Department of Justice seal U.S. Department of Justice

Debra Wong Yang
United States Attorney
Central District of California

United States Courthouse
312 North Spring Street
Los Angeles, California 90012

July 26, 2005
For Information, Contact Public Affairs
Thom Mrozek (213) 894-6947


Los Angeles, CA - A San Pedro man who financed his law school education with proceeds from a credit card fraud scheme has been sentenced to five years in federal prison. A co-defendant who pleaded guilty in relation to the $1.2 million scheme was also sentenced to 60 months in prison.

Christian Ehlers, 30, who is an attorney, and Mark Sandoro, 43, of Rancho Palos Verdes, were sentenced Monday afternoon by United States District Judge J. Spencer Letts. In addition to the prison terms, Judge Letts ordered the defendants to pay $1,187,942 in restitution.

Ehlers was convicted at trial in December of conspiracy, eight counts of use of false names in a scheme to defraud, 11 counts of unauthorized use of access devices (credit cards) and one count of wire fraud. The federal jury that convicted Ehlers heard two weeks of testimony and deliberated for approximately 2 1/2 hours.

Sandoro pleaded guilty in March 2004 to 22 felony counts related to the fraud scheme.

A third defendant in the case - Alex Mascola, 31, of San Pedro, was scheduled to go to trial with Ehlers, but he pleaded guilty on the eve of trial to two counts of misuse of a Social Security Number. Judge Letts yesterday sentenced Mascola to two years of probation and ordered him to pay $14,000 in restitution.

Sandoro, Ehlers and Mascola, using their true names and in some instances assumed names, rented Post Office boxes in Lomita, Rancho Palos Verdes, San Pedro and Torrance.
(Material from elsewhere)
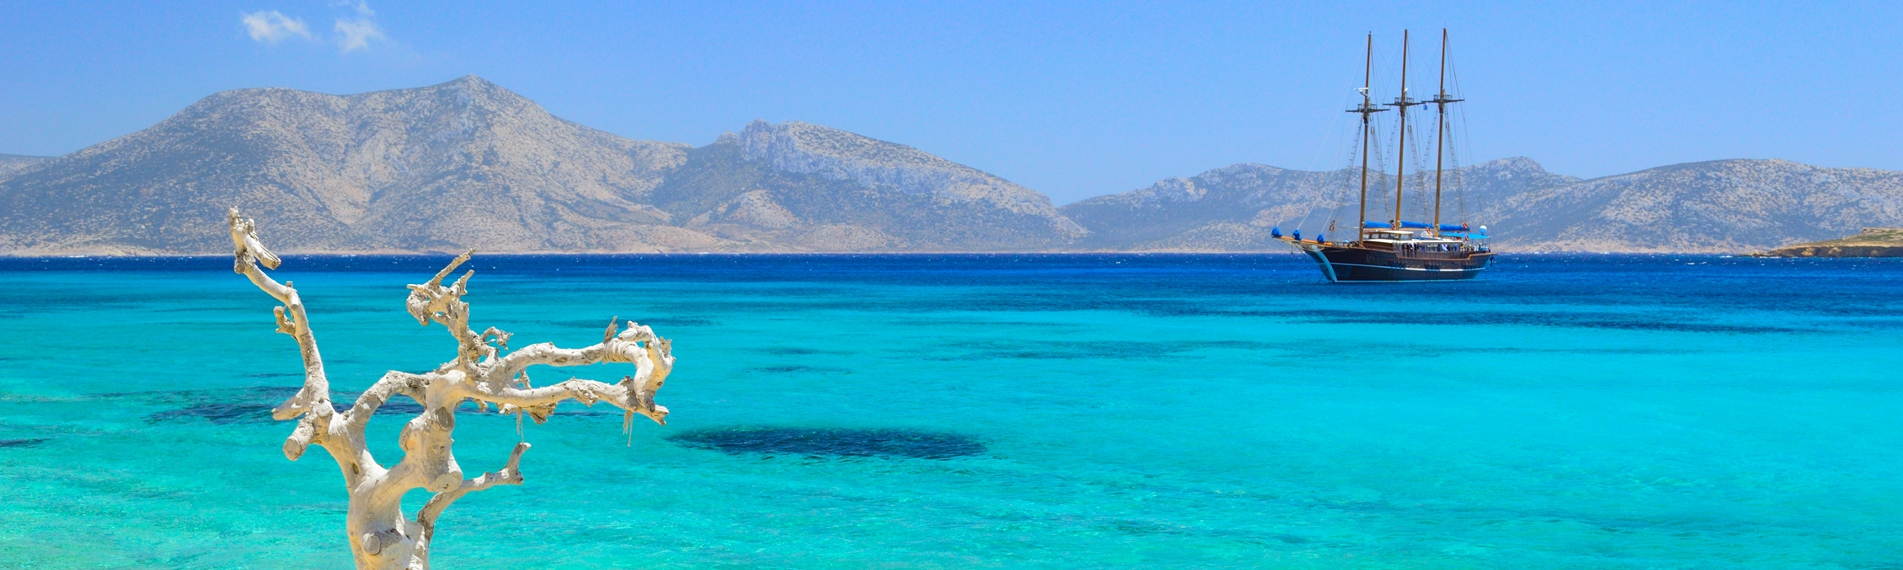 El mar de Koufonissi, donde un velero navega a través de las olas de las islas Cícladas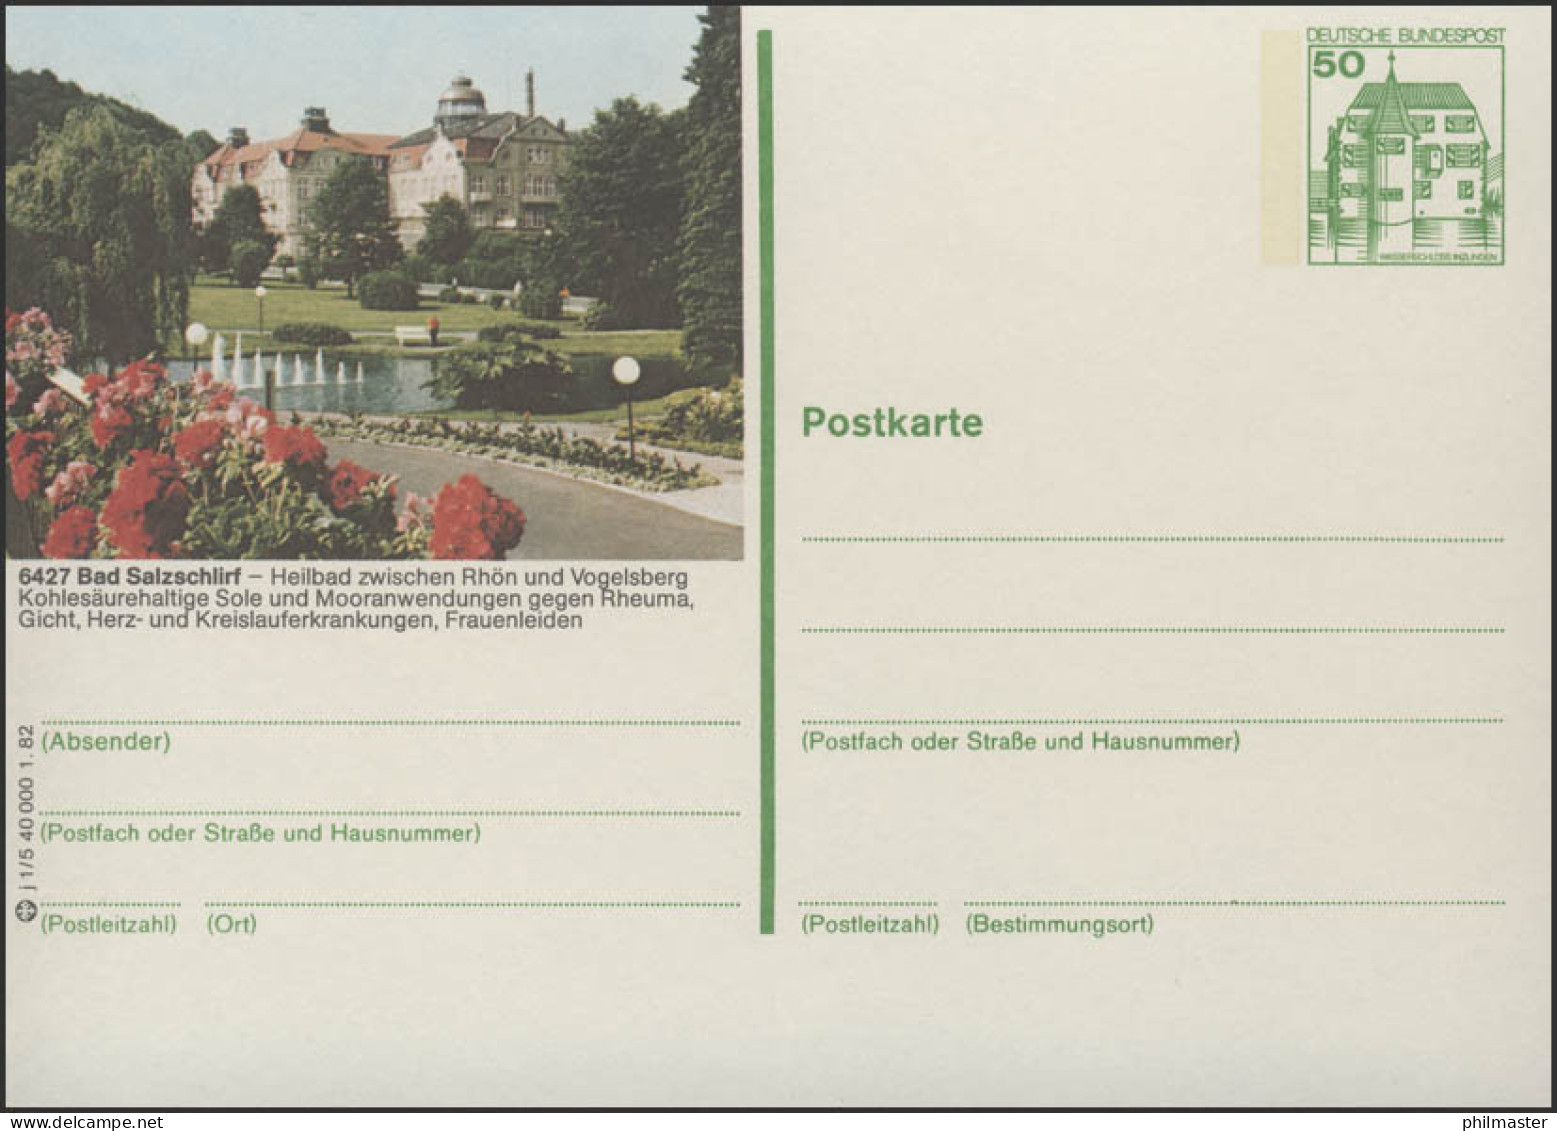 P134-j1/005 - 6427 Bad Salzschlirf, Hotel Badehof ** - Bildpostkarten - Ungebraucht

The men listed various assumed names as persons authorized to receive mail at the Postal facilities, and then they used various names to apply for and obtain credit cards.

The men applied for the credit cards using false SSNs, and they used the rented Post Office boxes as their mailing addresses. After receiving the fraudulently obtained credit cards, Sandoro, Ehlers and Mascola charged hundreds of thousands of dollars worth of goods and services. The men also used the fraudulently obtained credit cards to obtain cash, which they used for a variety of purposes, including making minimum payments to the card-issuing companies so that they could continue to charge to the credit cards.

To further their scheme, Sandoro, Ehlers and Mascola applied for and obtained "point of purchase" terminals from financial institutions. These terminals are used by merchants to obtain approval of charges to credit cards at the time customers purchase items or services, and to obtain payment for such charges from card-issuing companies. The men purported to obtain the terminals on behalf of companies with which they maintained a relationship or which they had created for purposes of executing the fraud. The men used the terminals to process charges made to credit cards they had fraudulently obtained, and to cause the card issuing companies to make payments to them for fraudulently incurred charges. This type of fraud is called a "bust-out" scheme.

Sandoro, Ehlers and Mascola used the cash they fraudulently obtained to rent a home in Rancho Palos Verdes, to operate various businesses, and to purchase automobiles, motorcycles, and other personal items. The evidence presented at trial showed that Ehlers used some of the money to pay tuition at the Loyola Law School, to pay for liposuction and to purchase luxury automobiles.

This case was investigated by the United States Secret Service and the Office of the Inspector General for the Social Security Administration.